Note that there's a strong difference between the name of a character (here meant as a abstract glyph or symbol) and the way it is pronounced in sentences that use them.
So "@" is in close relation, when pronounced with the Latin term "ad" (some French linguists insist that the Latin term should be used instead of "at", noting that the English term is directly coming from Latin "ad" too, and also the very similar look of the typography to write the Latin term "ad" in Old Mediaval texts).
> That "@" was used as the sign of the weigh "arroba" is another story, like
> $ for the peso (the flag on a pole, sign of gold) the pound copied to show
> they also had gold the story says, copied with a second richer strike to
> make it a dollar sign for the Thaler. Two strikes copied in the Yen and now
> in Euro sign.
>
> >It was also commonly named "a commercial" in the past, but the expression
> >is now deprecated.
>
> Then my kids are deprecated. When you are more than 15 you are totally
> outdated nowadays....
This just depends of usage environment. "a commercial" is very much related
to the "et commercial" that commonly names the "esperluète" or "éperluète"

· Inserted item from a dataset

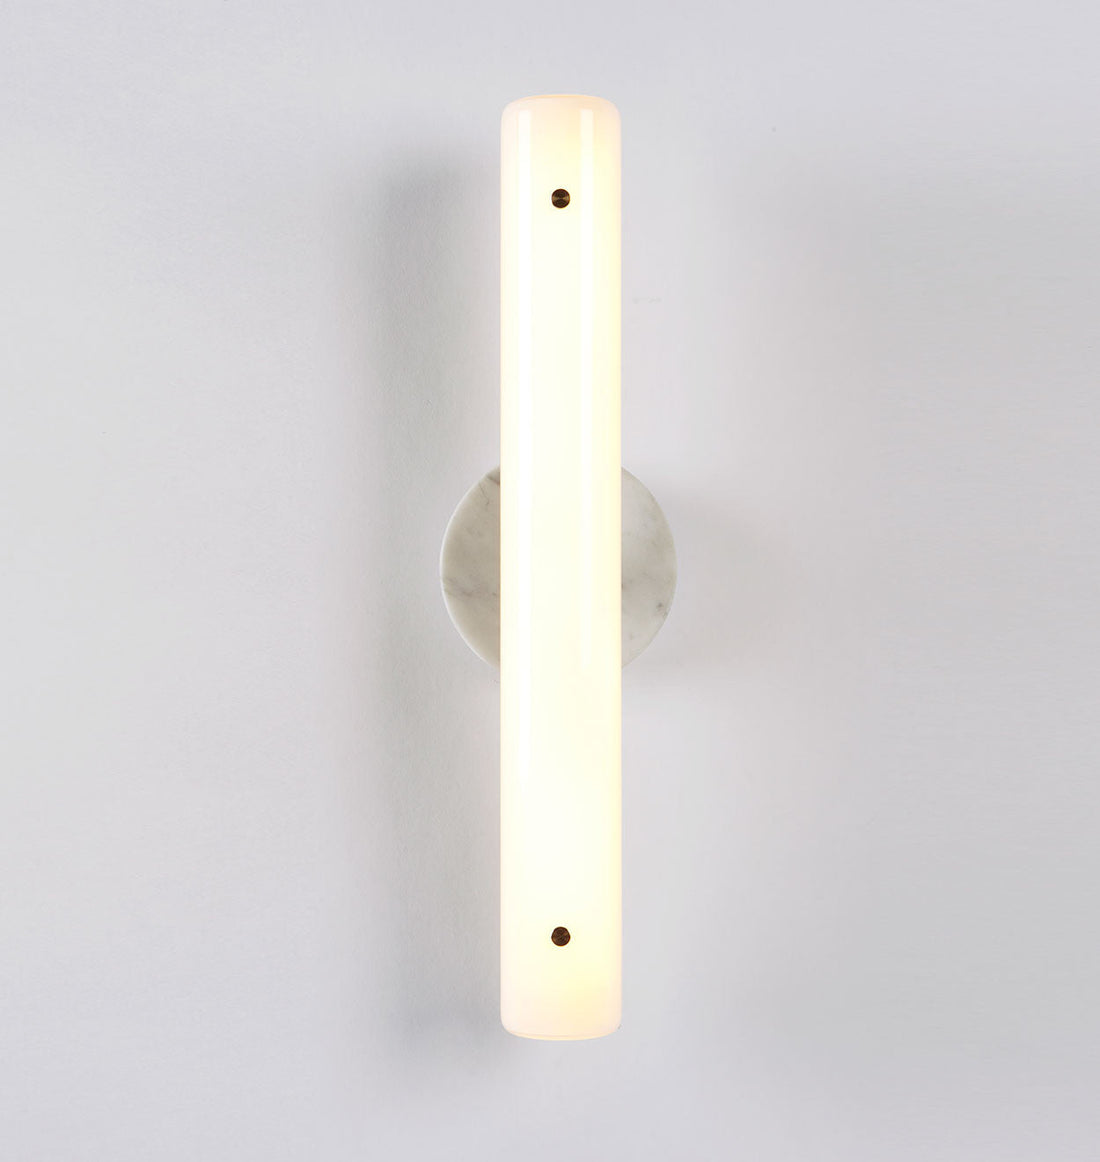 Counterweight Sconce - Circle

(the ampersand sign). But once you realize that "&" and "@" have very
distinct usage patterns, it seems ridiculous to match these signs with a
common designation pattern.
> >Those French users that use "@" in email addresses now pronounce it "at"
> >like in English, some are resisting and use the french usual preposition
> >"à" when spelling these addresses orally...).
> >
> >Despite this, for now, I have not heard or read any expression like "le
> >signe at" in French text or speech. So "un (une) arrobace" is still used
> >everywhere when not spelling an email addresses or related technical
> >syntaxes (but many don't know how to write "arrobace" correctly -- some
> >even write "arobasse" -- and this orthographic difficulty may be one
> >reason why the old oral expression "a commercial" still persists in French
> >on the written form).
>
> I understand it is the AFNOR standard.
Not the standard of linguists. Initialliy "arrobe" (also written with a single r, given that this was a term imported from Spanish or Catalan) should be the correct term.
Its origin comes from the Spanish (and Portuguese) term "arroba" which was a volume or weight measure unit (11.5 kg to 15 kg, or 10 to 15 liters, varying with the type of product measured. So its *plural* form was "arrobas" (with the final s pronounced as in Spanish), before it was modified to match with French orthographic rules, when the concept of plural was lost.
The Spanish term "arroba" was a quarter of a "Spanish real", and meant "one quarter" of this last unit.
>>> Note that the Spanish real had a similar sign looking like
>>> an italic r within a loop. Where is this "real sign" in Unicode?
The Spanish term "arroba" comes from Arabic "al reba'a" (meaning: one quarter) or "reba'a" (meaning: fourth) which was dialectalized in Iberic usage into "ar-roub". The Spanish arroba (and the real) is no more a unit measure since Spain adopted the metric system in 1859.
So the Spanish name "arroba" designates the old usage of the character to represent the measure unit. As this usage has been forgotten and replaced by another meaning "at" (in more close relation with the initial typography of the Latin term "ad", from which it has now restored its semantic), it remains now the Spanish term "arroba" used only to designate the typographic symbol.